Nine's cross-measurement a catalyst, but not a game-changer

James McGrath
By James McGrath | 25 May 2015

The media buying circuit has welcomed Nine's cross-measurement piece, but said it wouldn't alter how much investment went into Network Nine programs.

Earlier this month the network launched the Platform Agnostic Ratings for Content (PARC) tool, a unit of measurement intended to harmonise TV, playback, and online audience numbers ahead of a similar metric currently being devised by OzTAM, to be delivered in the second half of this year.

The tool essentially measures linear audiences and online catch-up audiences in the same way, allowing Nine to sell both together. While live and playback is measured by OzTAM using a minute-by-minute aggregate, online video in the form of catch-up is not.

PARC addresses this by averaging audience volumes at every moment of the online stream, rather than just focusing on the stream start, effectively mimicking a TV rating according to Nine.
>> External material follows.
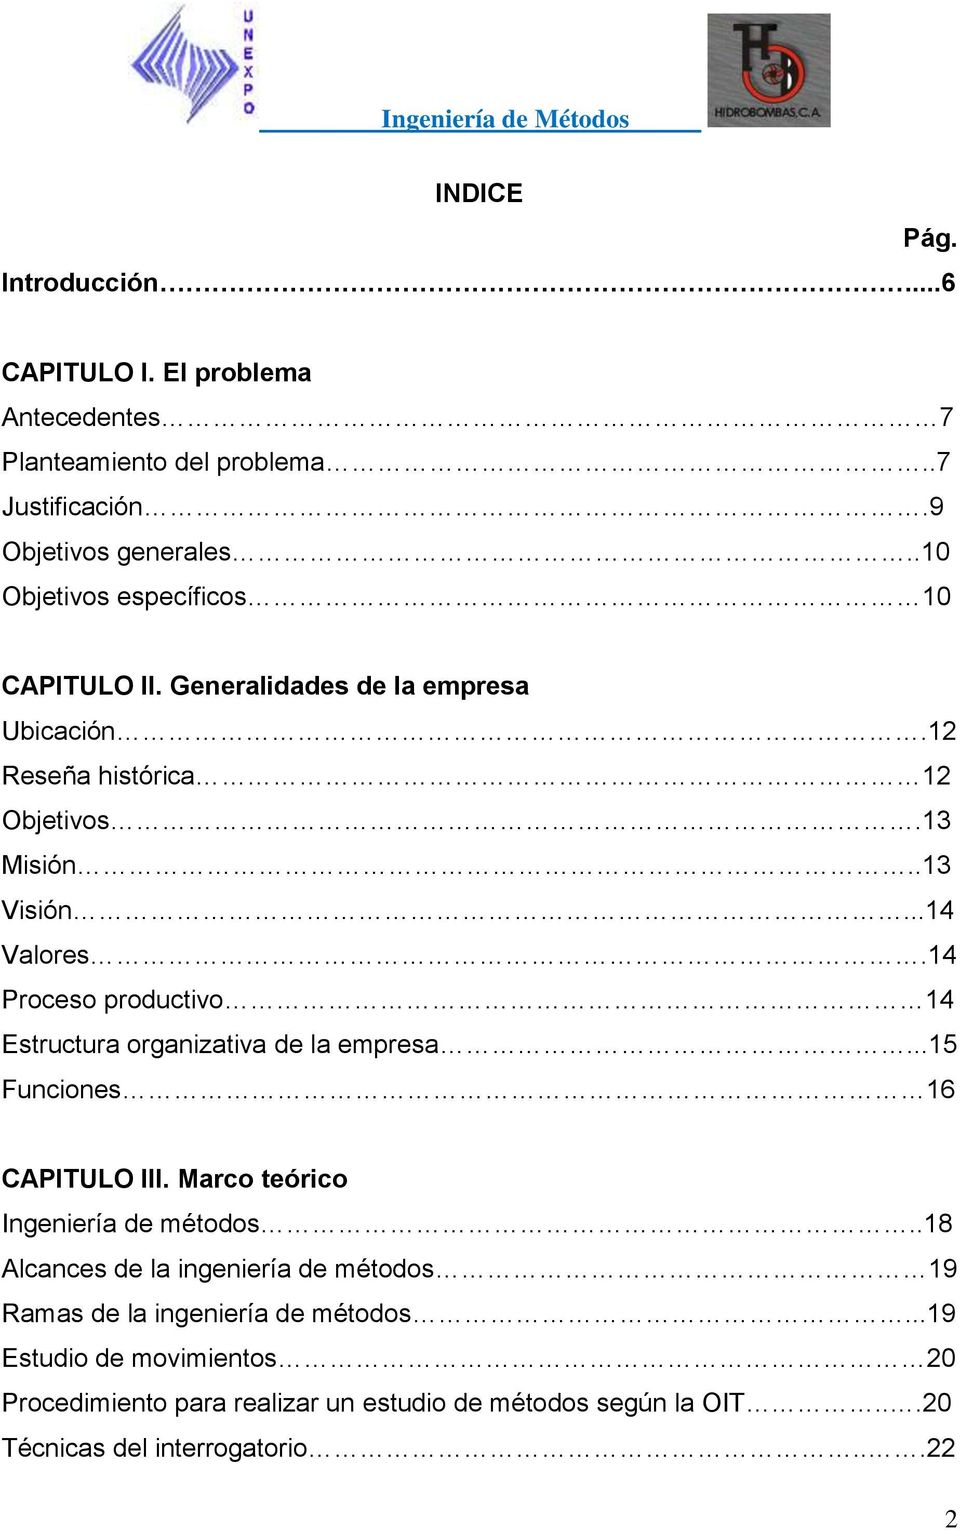 14 Proceso productivo 14 Estructura organizativa de la empresa...15 Funciones 16 CAPITULO III. Marco teórico Ingeniería de métodos.

A video stream with an average audience of 20,000-30,000 usually has stream starts in excess of 100,000.

Speaking with AdNews, Nine's group director of research and analytics Steve Weaver said the new metric would give Nine a leg-up in the marketplace as it sold shows such as the next season of The Block.

“I think we're potentially getting in ahead of those guys [Seven and Ten], so it would seem to be [throwing down the gauntlet],” Weaver said.

While buyers have been broadly positive about the development, several said that it would not alter the way it bought from Nine.

“From a straight negotiation viewpoint it needs to [be] an industry currency that can be traded against – we can’t evaluate each network on different criteria,” chief investment officer at IPG Mediabrands Victor Corones told AdNews.

“From a Nine Network perspective it’s a nice way for Nine to package their offering. But in the absence of an industry currency agency teams will continue to unbundle to do their necessary evaluations.”

It was a sentiment backed up by Slingshot Media managing director Simon Rutherford.

“It will be easier for them when it comes to packaging up those deals, but as a buyer we want to be able to compare across the networks,” Rutherford said.

“So I don't think Nine has a particular advantage in the marketplace, but what it does do is really move the conversation forward which is a positive.”

Nine's move comes ahead of a measurement piece due by OzTAM in the second half of this year which would come up with a common metric for online catch-up.

While buyers acknowledged the need for this process to be robust, they say that the pace of change has been frustrating.

“Hopefully this [Nine's move] becomes a catalyst to move to an industry standard. In the absence of such a standard we are using our own proprietary tools to better understand cross platform performance,” Corones said.

OzTAM's measurement of online catch-up inventory would just be one piece of the puzzle, with a broader unifying metric thought to be some years off.

OzTAM in recent months has issued a request for information to several measurement companies looking at the issue, and is still a couple of months away from sitting down with them to hash out the details.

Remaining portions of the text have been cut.